La scorsa settimana la Protezione civile ha inaugurato un nuovo tavolo che dovrà affrontare il problema dei disastri naturali anche dal punto di vista social. Una questione solo apparentemente marginale, perché questi strumenti sono sempre stati accusati di essere cassa di risonanza dell’allarmismo, ora il concetto viene ribaltato: bisogna sfruttarli per le calamità.
Al momento si è tenuto un solo incontro, sei giorni fa, nella sede del Dipartimento di Protezione Civile, a Roma, ma il gruppo di lavoro ha già due obiettivi: chiarire prima di tutto a sé stesso come incardinare i social media nelle proprie attività; creare delle linee guida nazionali sulla policy da tenere in caso di calamità e allarmi. La ragione è presto detta, basta dare un’occhiata ad un hashtag come #allertameteoLIG, uno degli hashtag più utilizzati per veicolare informazioni a proposito degli effetti del dissesto idrogeologico.
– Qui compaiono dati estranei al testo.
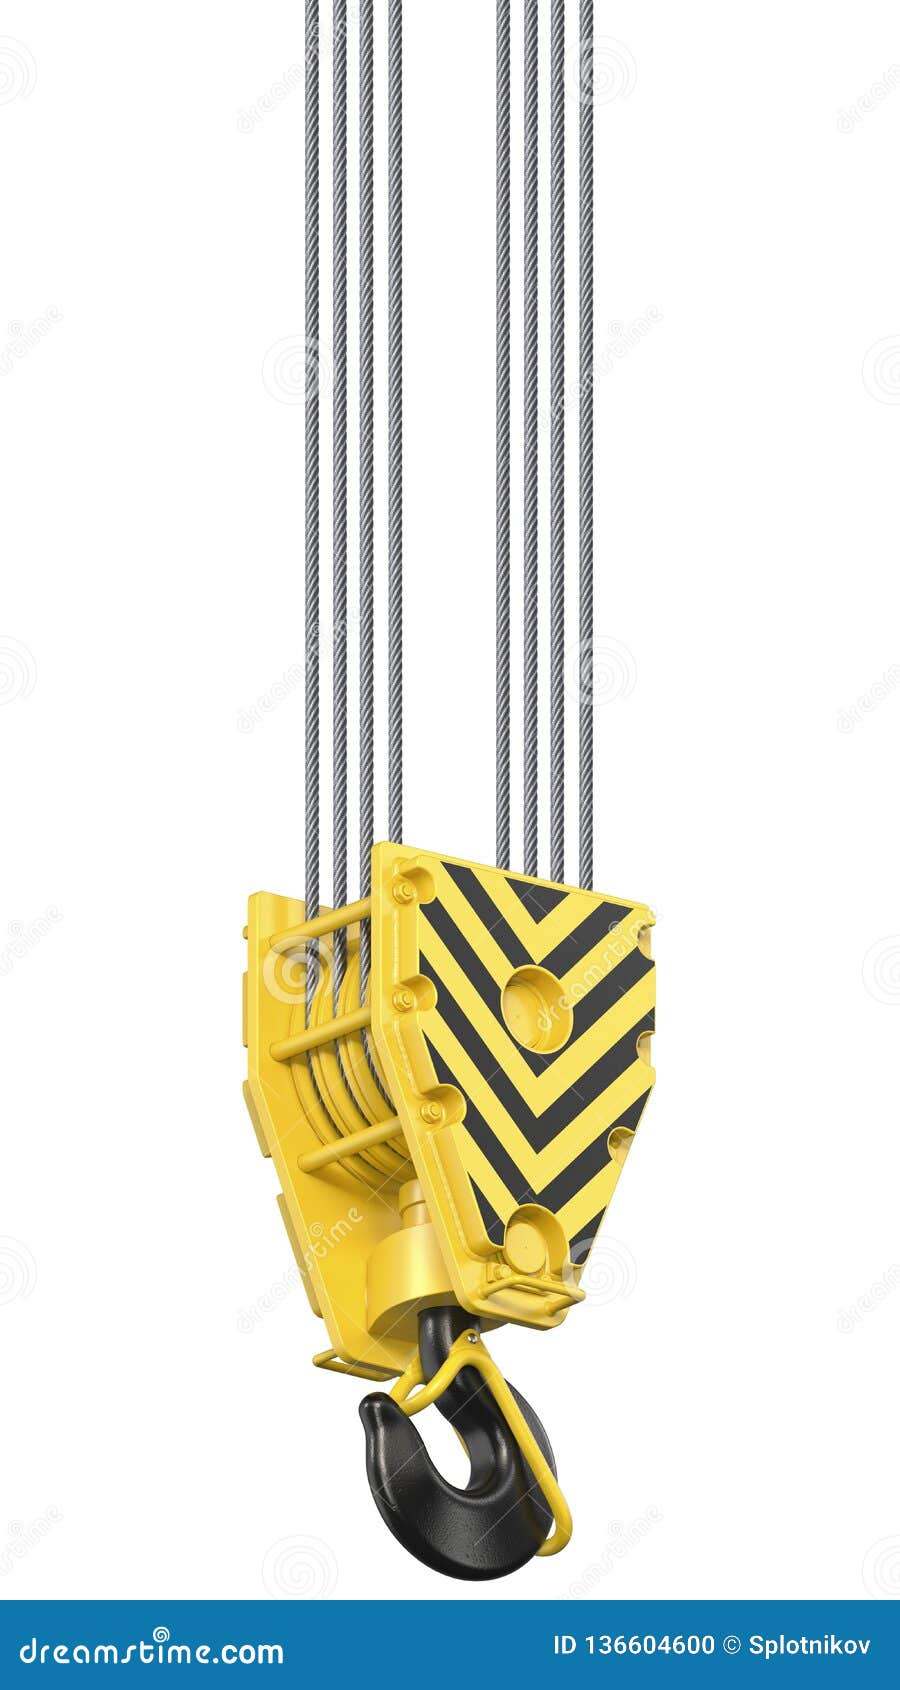 https://thumbs.dreamstime.com/z/big-black-yellow-construction-towe-crane-hook-block-hanging-steel-ropes-d-render-overhead-hookblock-isolated-coverhead-136604600.jpg

Tramite questi semplici strumenti di aggregazione, corrono più velocemente informazioni di vario genere, da quelle istituzionali ai servizi di pubblica utilità, giornalismo, commenti di privati cittadini. L’enorme mole di informazioni, però, lascia a margine la Protezione civile, che non ha una policy aggiornata sui social network e non ha neppure un account nazionale, ma solo quelli regionali.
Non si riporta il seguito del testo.